Finding the distance between points in a two-dimensional space is relatively simple with the following algorithm:
D=√((X2 – X1)² + (Y2 – Y1)²)

Adding another dimension, bringing us to a three dimensional space. Which can be computed as:
D=(D1+D2+D3)/3
D1 = √[ ( X2-X1)^2 + (Y2-Y1)^2)]
D2 = √[ ( X3-X1)^2 + (Y3-Y1)^2)]
D3 = √[ ( X3-X2)^2 + (Y3-Y2)^2)]


Adding the next 781 dimensions for us to reach the 784 dimensions of the “Mnist with images” data set quickly becomes complex and computationally expensive. This will give us the exact set of nearest neighbors at the cost of speed and computation power.

Alternatively, we can trade a sliver of accuracy for speed and efficiency using Approximate Nearest Neighbor (ANN) algorithms. While you may lose the ability to know the true nearest neighbor, you get an excellent approximate nearest neighbor.

Applying this to image search, vector searches give us a powerful new way to traverse our data. Rather than relying on traditional image search methods such as keyword or metadata-based search, vector searches can quickly identify images that are similar to a provided vector, which allows for a more flexible approach that is not influenced by subjective labeling.  Additionally, vector database providers will also generally give you a selection of algorithms, as well as the tooling, so you can change and modify your search to best suit your data. 

Image Search Example

For the example images below, the demo author used CLIP to encode images, which were stored in a file and read into memory at run time. The prompt is converted from a string to a vector by CLIP, which is then taken and used to find similar images in the dataset. The images that are part of the search never have to be labeled, examined, or classified by a human but can still be free-text searched by their contents.


Search demo was provided by Vivien Tran-Thrien’s github demo https://github.com/vivien000/clip-demo

 

Additional Applications of Vector Databases

The popularity of vector databases’ ability to analyze large amounts of data quickly and efficiently isn’t just limited to images.
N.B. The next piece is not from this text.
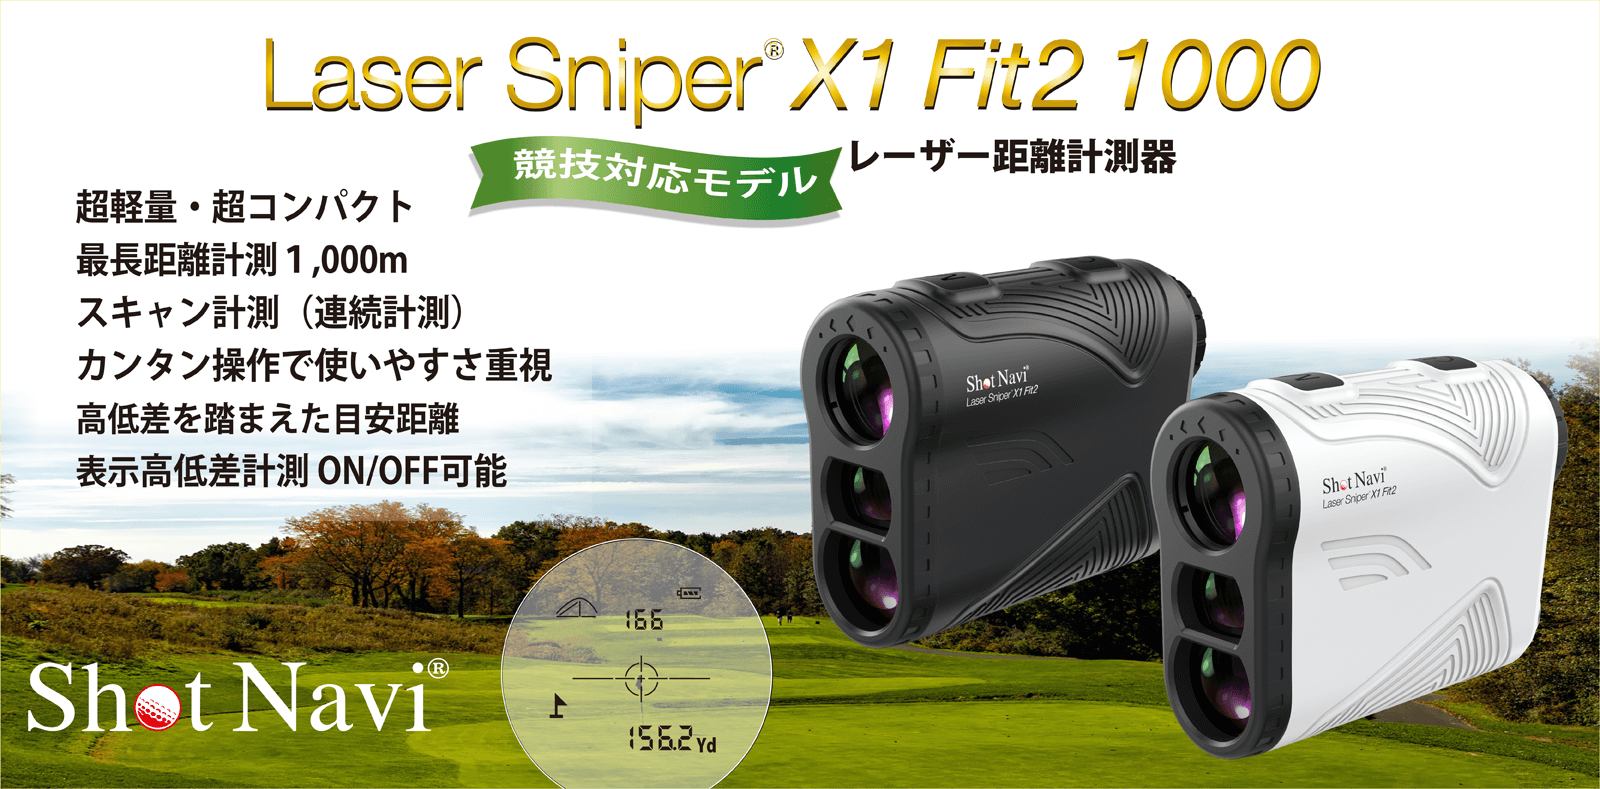 Shot Navi Laser Sniper X1 Fit2 1000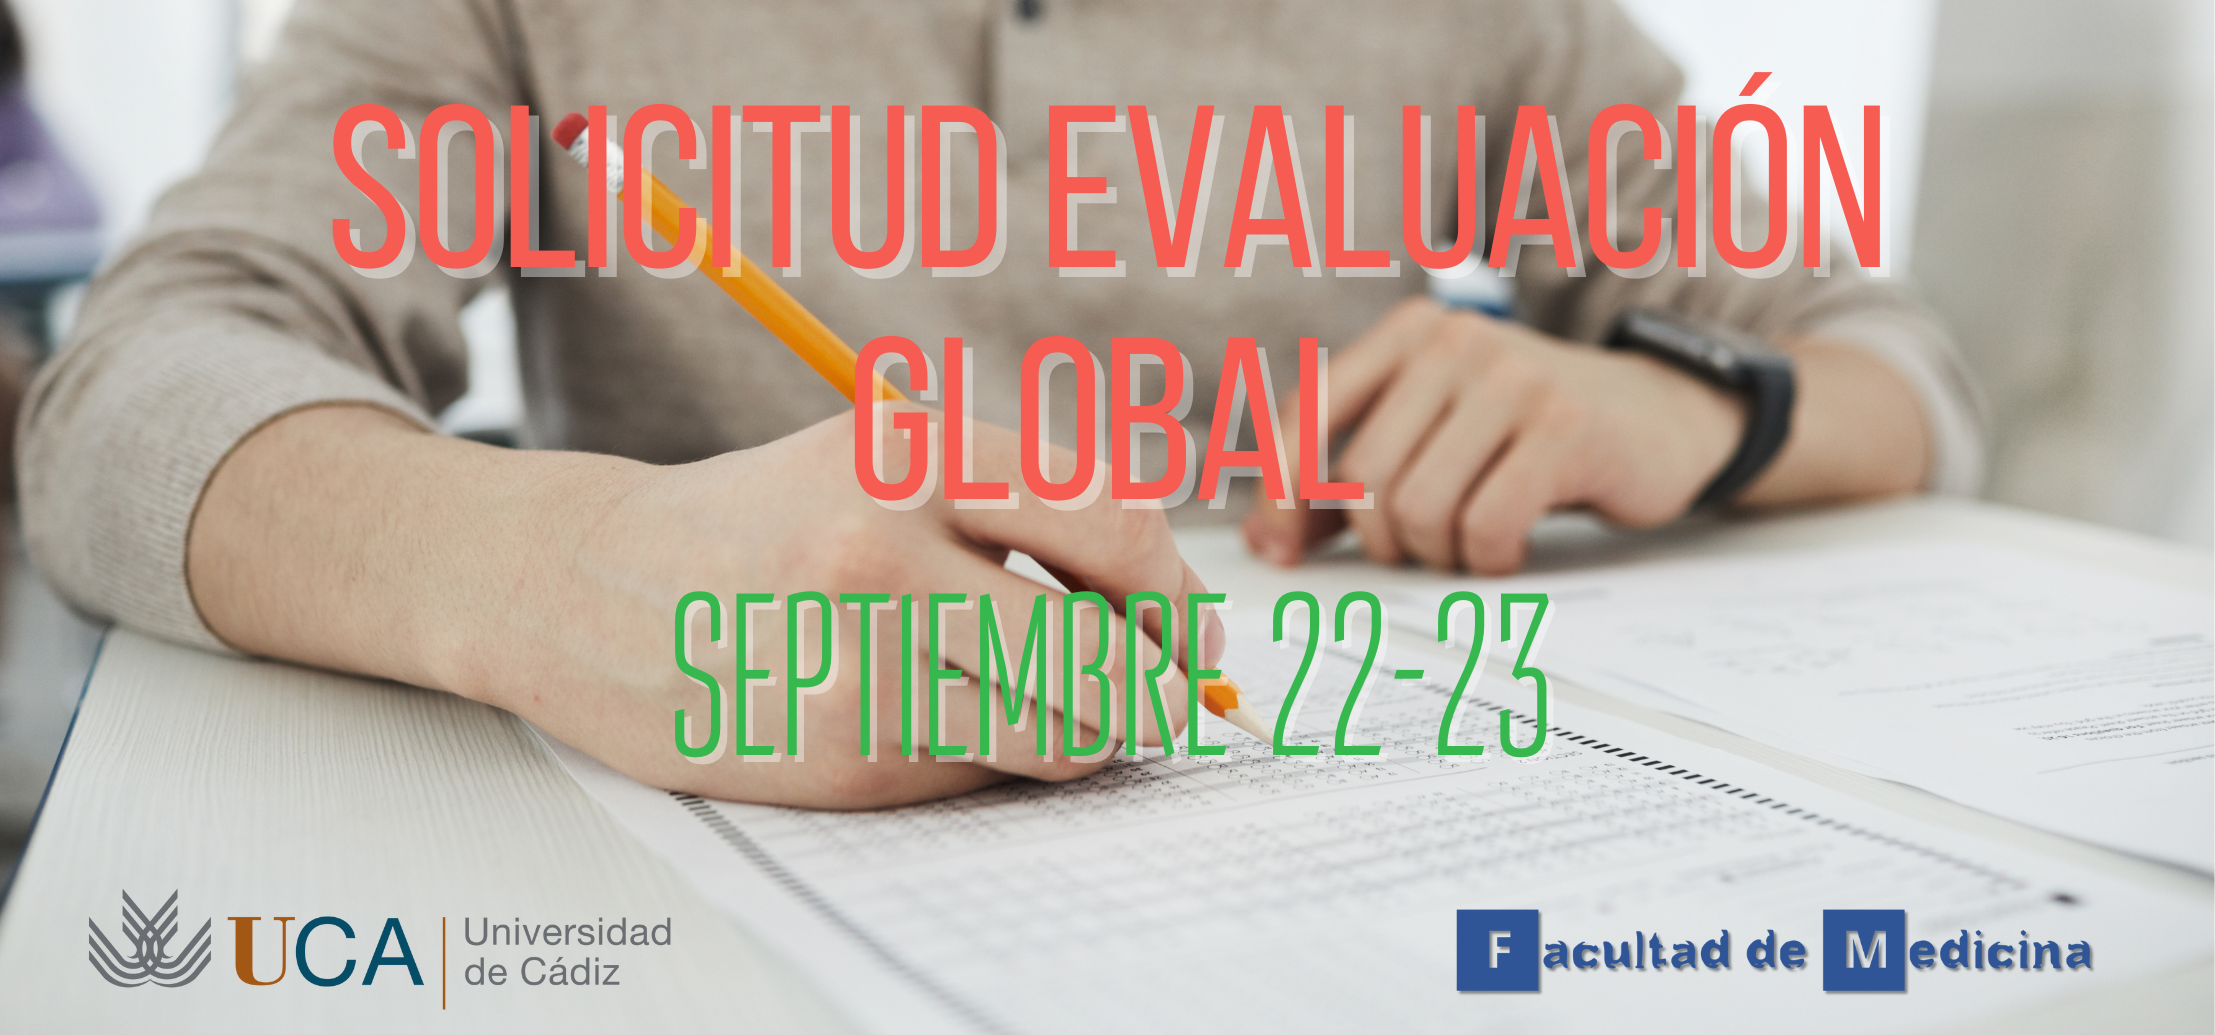 Solicitud Evaluación Global para la convocatoria de septiembre 22-23

You’ve probably even used some applications that leverage vector searching, like Spotify’s recommendation system, which is powered by their open-source ANNOY library. E-commerce is taking advantage of the insights to provide personalized recommendations based on customer behavior and purchase history, which they can use to suggest more relevant products to the customer. Anomalies can be detected in usage patterns, alerting organizations of potential security threats and flagging fraud. In conjunction with ChatGPT, you can create long-term memory, enabling custom chatbots to manage your support flows or FAQs. Vector databases have even been used in healthcare, where they can analyze vast amounts of patient data and provide immediate insights to doctors in conjunction with a neural network.  

Scaling Vector Search

Now that we know the strengths and power of vector search, we need to find a way to scale and serve this data in the real world. In the example above, a precomputed collection of vectors was used to search against. To add images to the collection, we would first compute the vectors, then add the vectors to the existing file, and finally reload the data into memory. Maintaining this file would be cumbersome at best, requiring a new file for each index and a file edit for each update. The vector database will enable us to index and add data to our database in real-time, allowing our queries to always be up to date. This approach gives us the flexibility, accuracy, speed, and insights from vector searches, while giving us the stability and real-time data of a traditional database approach.

 

Conclusion

If you’re looking for a powerful and efficient way to store, query, and analyze complex data structures, vector databases are definitely worth giving a try. Their ability to handle high-dimensional data, perform lightning-fast similarity searches, and support real-time analytics make them a valuable tool for any application. Whether you’re a data scientist, a software engineer, or a business analyst, vector databases can help you unlock new insights and drive innovation in your field.

So why not take the plunge and explore the world of vector databases today? You might be surprised at how much they can do for you!